> For clean Markdown content of this page, append .md to this URL. For the complete documentation index, see https://docs.nvidia.com/dynamo/llms.txt. For full content including API reference and SDK examples, see https://docs.nvidia.com/dynamo/llms-full.txt.

# GPT-OSS-120B

Two validated TensorRT-LLM targets cover the two traffic shapes this model is most deployed for: aggregated expert-parallel (EP4, attention-DP) serving for short-prompt, high-concurrency traffic, and a prefill/decode split for long-context generation. They are deployment targets for different workloads, not an agg-vs-disagg comparison. Pick your target; every command on this page updates to match.

<p>
  Choose your deployment target
</p>

Target

Aggregated Recommended

<input type="radio" id="recipe-variant-disagg" name="recipe-variant" value="disagg" />

Disaggregated P/D

<b>Checkpoint</b> openai/gpt-oss-120b

<b>GPUs</b> 4x GB200 (ARM64), TP4, EP4 + attention-DP

<b>Workload</b> Short prompts, long outputs, high concurrency (128 ISL / 1000 OSL)

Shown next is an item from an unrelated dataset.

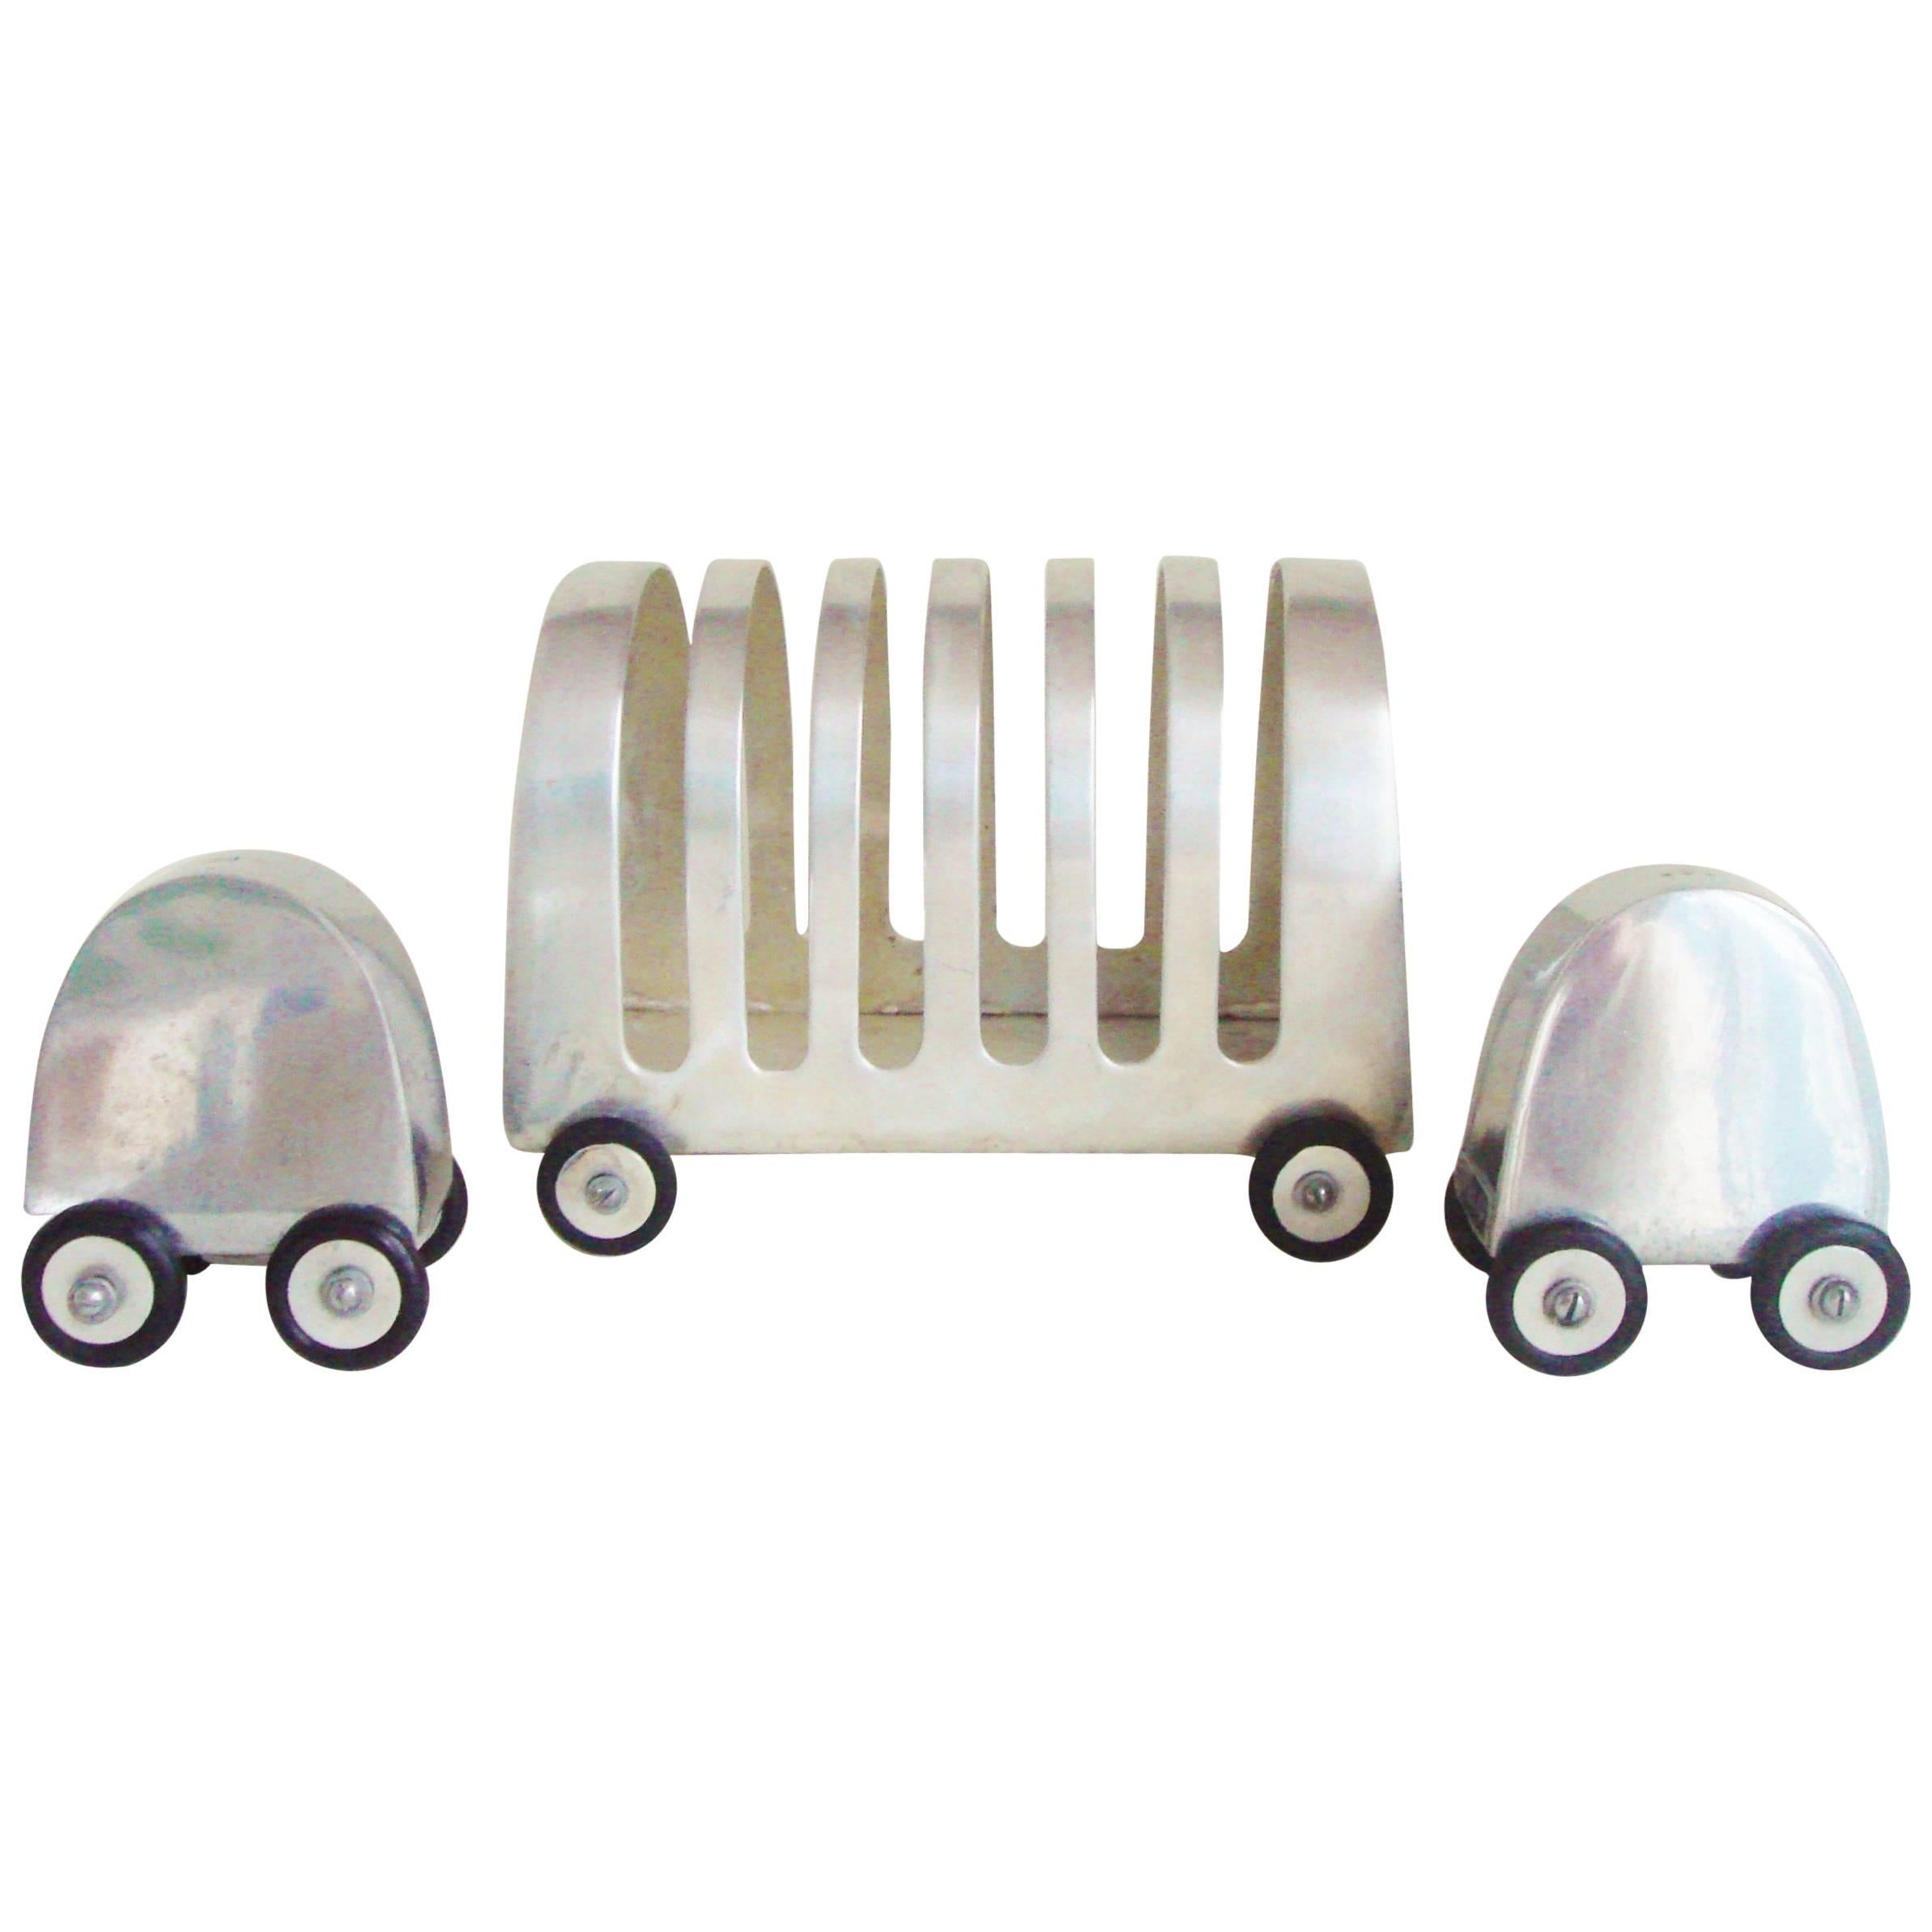 English 1960s Polished Aluminium Cruet and Toast Rack Three-Piece Set on Wheels

<b>Runtime</b> TensorRT-LLM (tensorrtllm-runtime:1.2.1)

<b>Checkpoint</b> openai/gpt-oss-120b

<b>GPUs</b> 5x GB200/B200 (TP1 prefill + TP4 decode)

<b>Workload</b> Long-context generation (8K ISL / 1K OSL)

<b>Quantization</b> W4A8\_MXFP4\_MXFP8

<b>Runtime</b> TensorRT-LLM (tensorrtllm-runtime:1.2.1)

## Prerequisites

* A Kubernetes cluster with the Dynamo platform installed and **4x GB200 available on ARM64 nodes** — the aggregated target will not run on x86 Hopper/Ampere hardware.
* A Hugging Face token with access to `openai/gpt-oss-120b`.

- A Kubernetes cluster with the Dynamo platform installed and **5x GB200 or B200** available (1 prefill + 4 decode GPUs).
- A Hugging Face token with access to `openai/gpt-oss-120b`.

Create the namespace and token secret:

```bash
export NAMESPACE=your-namespace
kubectl create namespace ${NAMESPACE}
kubectl create secret generic hf-token-secret \
  --from-literal=HF_TOKEN="your-token" \
  -n ${NAMESPACE}
```

Update `storageClassName` in `model-cache/model-cache.yaml` and the container image tag in `deploy.yaml` to match your Dynamo release before deploying. Also edit namespace, node selectors, and cluster-specific placement.

## Deploy

Prepare the model cache (shared by both targets):

```bash
kubectl apply -f recipes/gpt-oss-120b/model-cache/ -n ${NAMESPACE}
kubectl wait --for=condition=Complete job/model-download -n ${NAMESPACE} --timeout=3600s
```

Then deploy:

```bash
kubectl apply -f recipes/gpt-oss-120b/trtllm/agg/deploy.yaml -n ${NAMESPACE}
```

Model loading takes roughly 15-30 minutes depending on storage speed:

```bash
kubectl apply -f recipes/gpt-oss-120b/trtllm/disagg/deploy.yaml -n ${NAMESPACE}
kubectl get pods -n ${NAMESPACE} -l nvidia.com/dynamo-graph-deployment-name=gpt-oss-disagg -w
```

## Smoke Test

Send a test request to verify the deployment serves traffic:

```bash
kubectl port-forward svc/gpt-oss-agg-frontend 8000:8000 -n ${NAMESPACE}
```

```bash
kubectl port-forward svc/gpt-oss-disagg-frontend 8000:8000 -n ${NAMESPACE}
```

```bash
curl http://localhost:8000/v1/chat/completions \
  -H 'Content-Type: application/json' \
  -d '{"model":"openai/gpt-oss-120b","messages":[{"role":"user","content":"Write a one-sentence readiness check."}],"max_tokens":64}'
```

## Benchmark

Each target ships a `perf.yaml` Kubernetes Job that waits for the model to come up, then runs AIPerf with the target's traffic shape and a request count of 10x total concurrency.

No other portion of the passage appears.